WORK INSTRUCTIONS → What is wanted is every line below from the one with "o i30N Performance" up to and including the one with "normativo de los", retyped exactly, pictures excluded, nothing else.

DATA SECTION →
────────

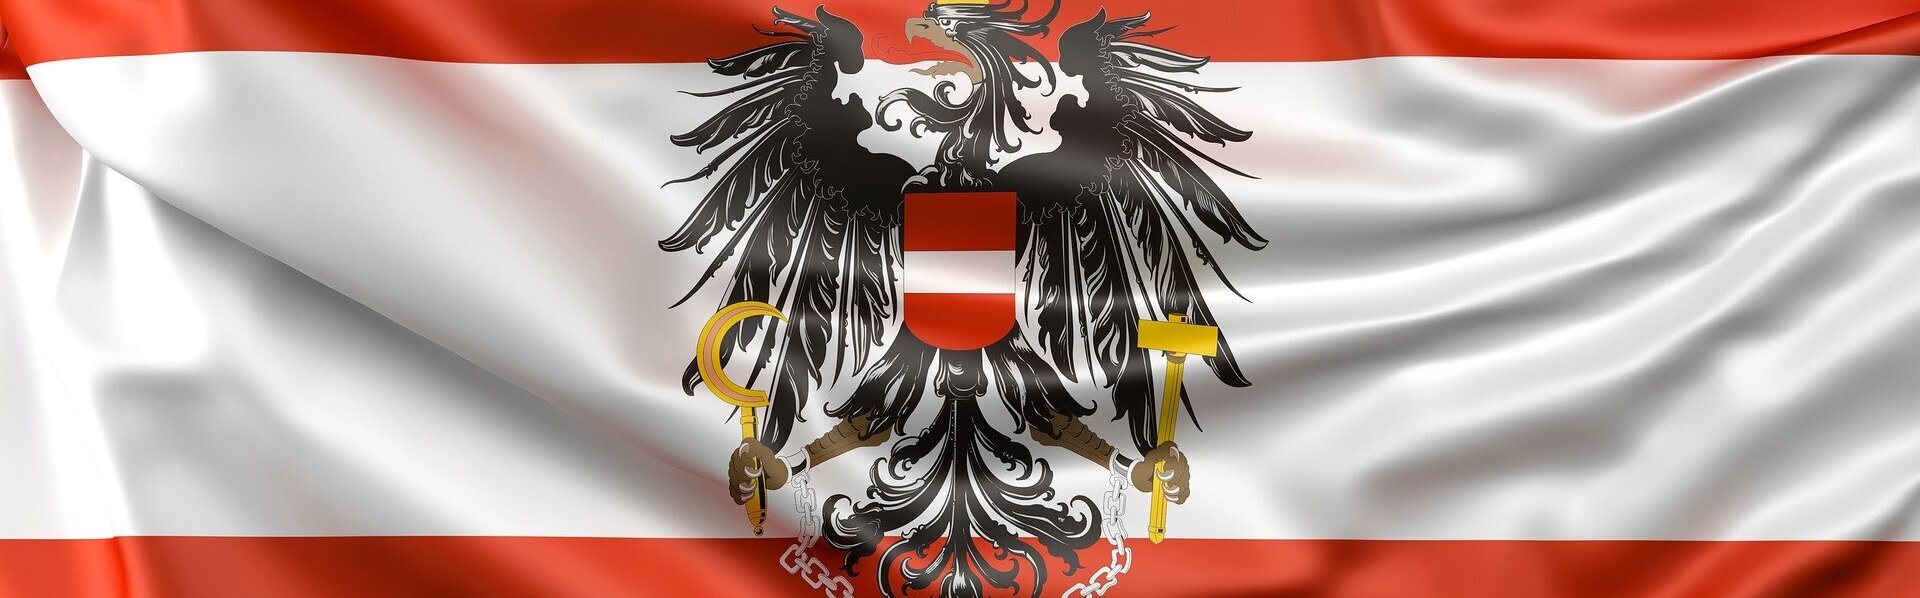 Das Bild zeigt die Flagge Österreichs.
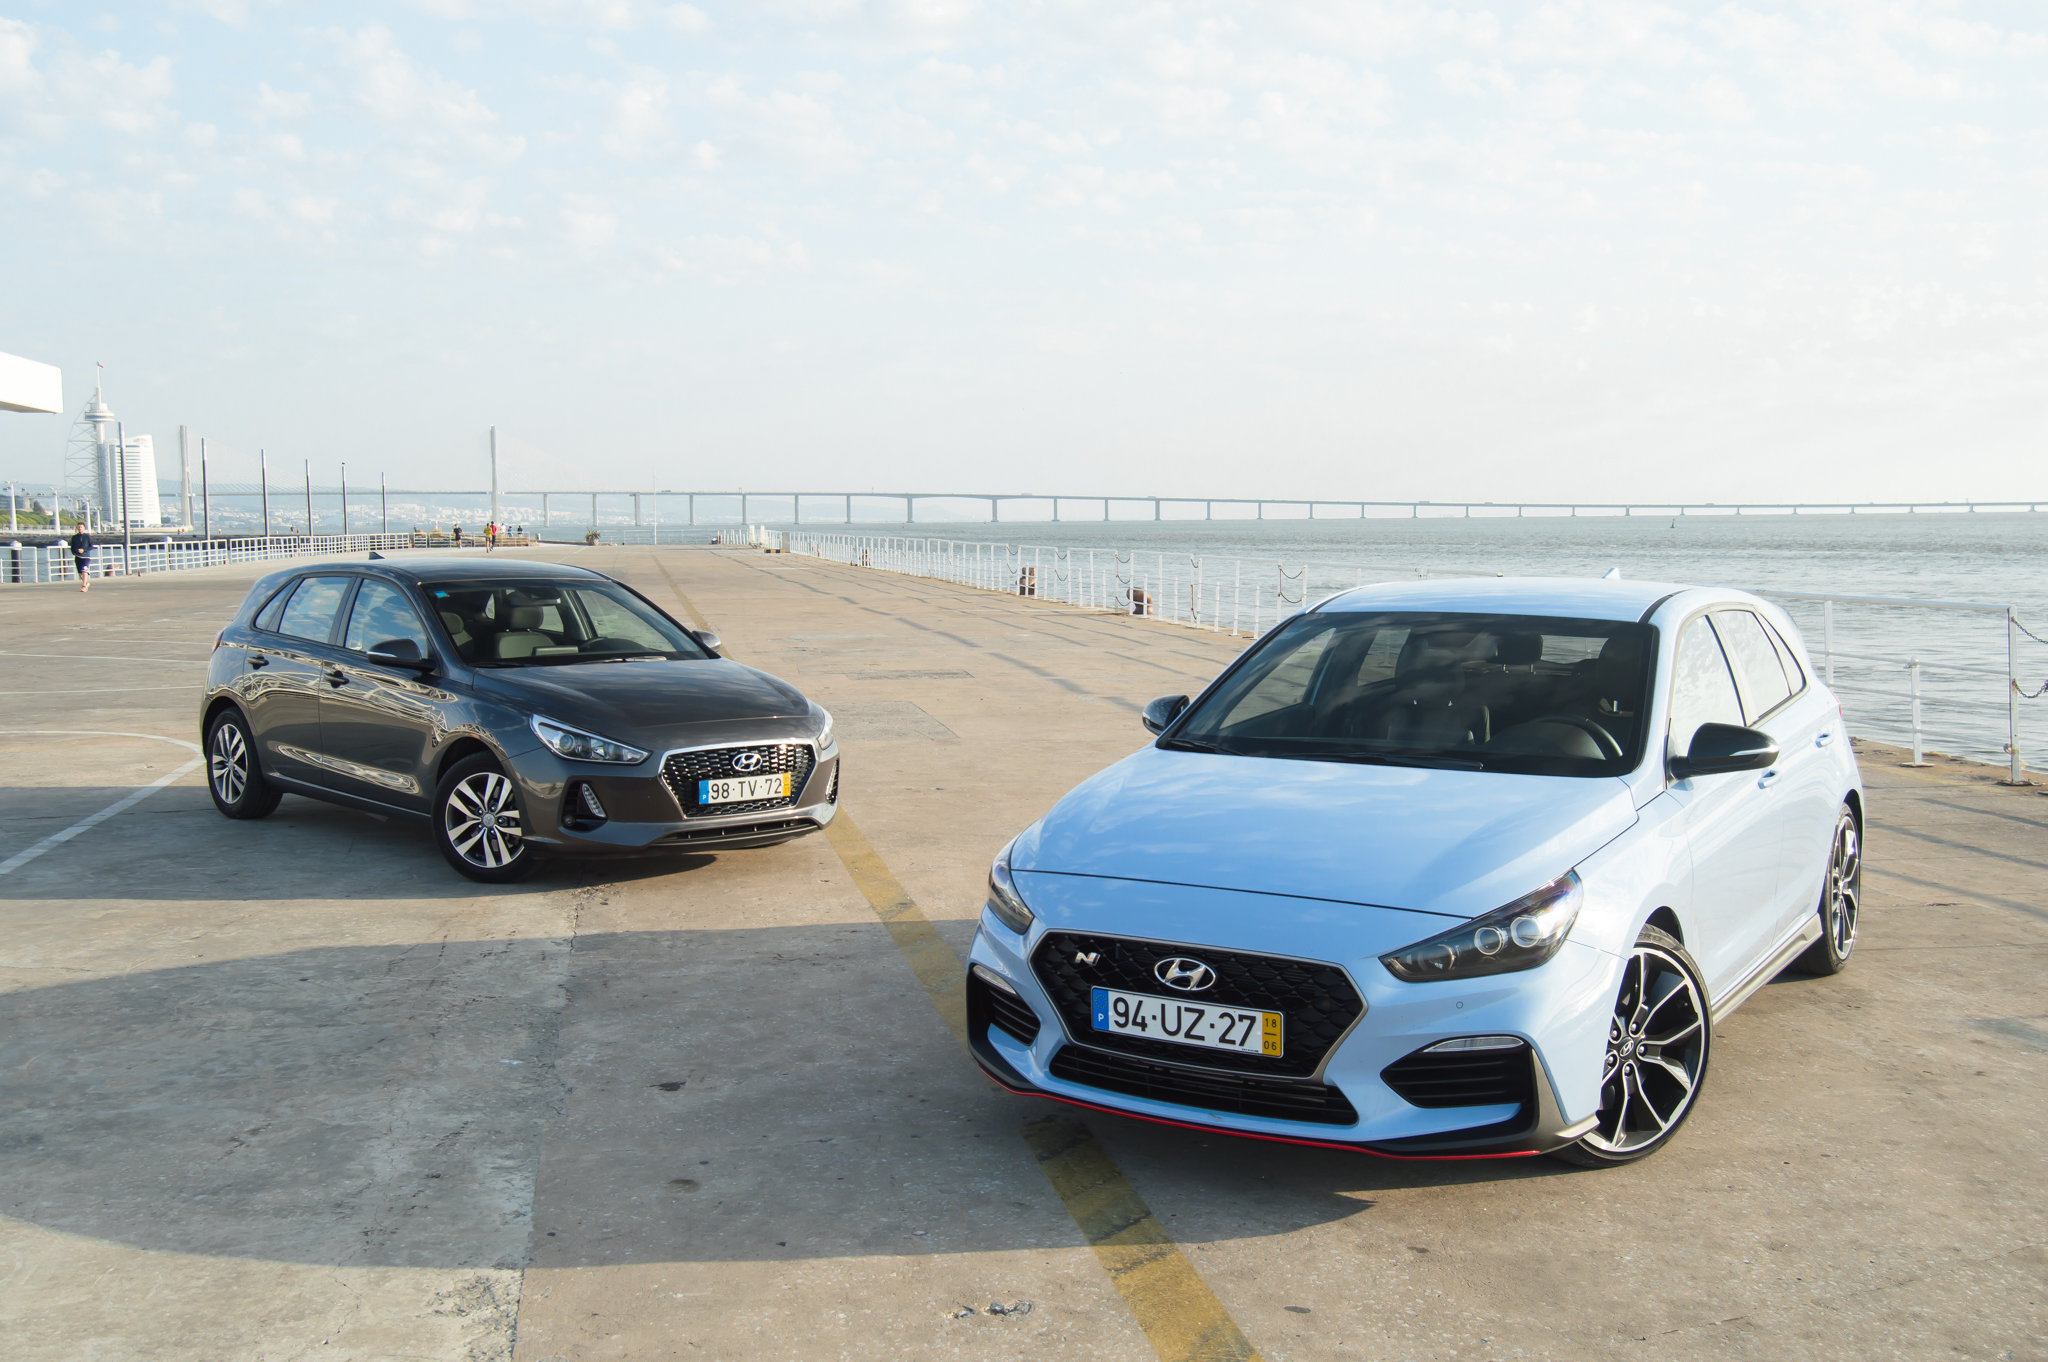 Comparámos um “normal” Hyundai i30 com o i30N Performance
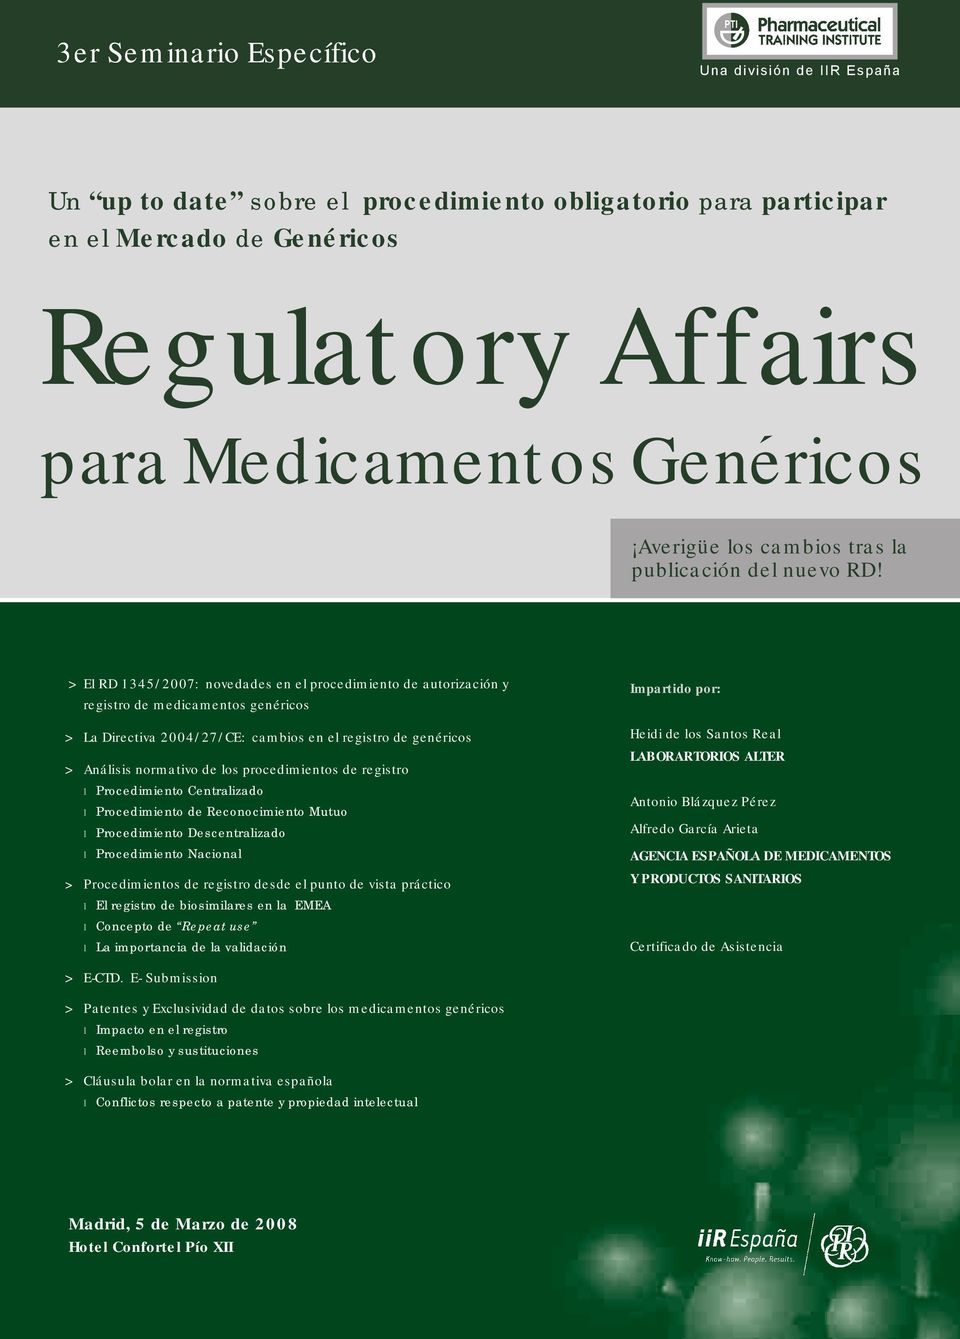 > El RD 1345/2007: novedades en el procedimiento de autorización y registro de medicamentos genéricos > La Directiva 2004/27/CE: cambios en el registro de genéricos > Análisis normativo de los
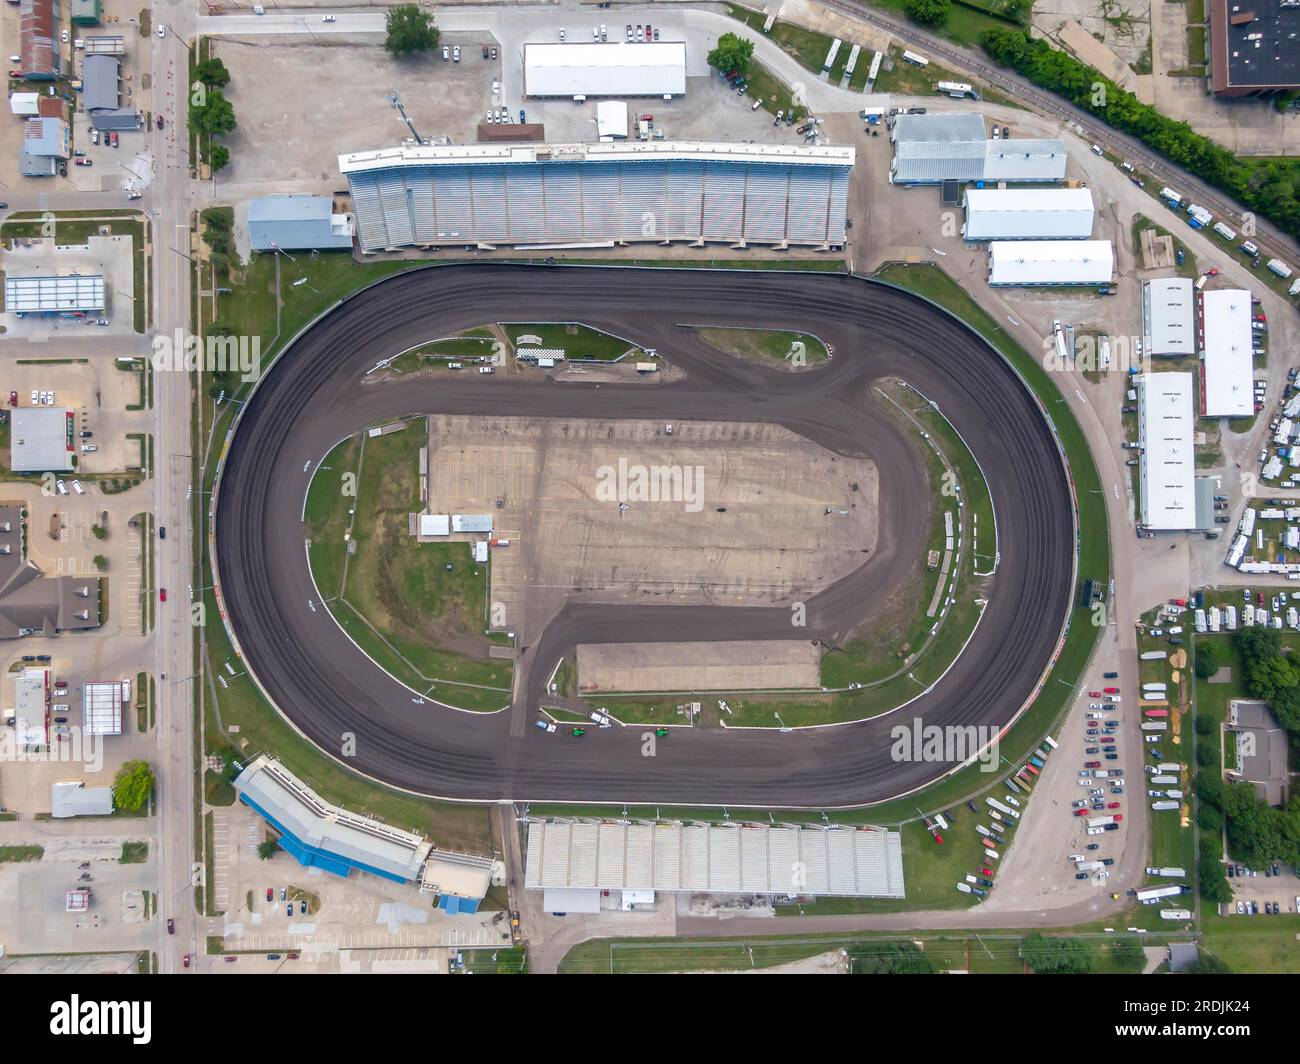 19 luglio 2020, Knoxville, Iowa, Stati Uniti: Il Knoxville Raceway è un circuito ovale semi-banked di 2 km di terra (zook Clay) situato nella contea di Marion Foto Stock

────────

TASK OUTPUT →
 Comparámos um “normal” Hyundai i30 com o i30N Performance
 > El RD 1345/2007: novedades en el procedimiento de autorización y registro de medicamentos genéricos > La Directiva 2004/27/CE: cambios en el registro de genéricos > Análisis normativo de los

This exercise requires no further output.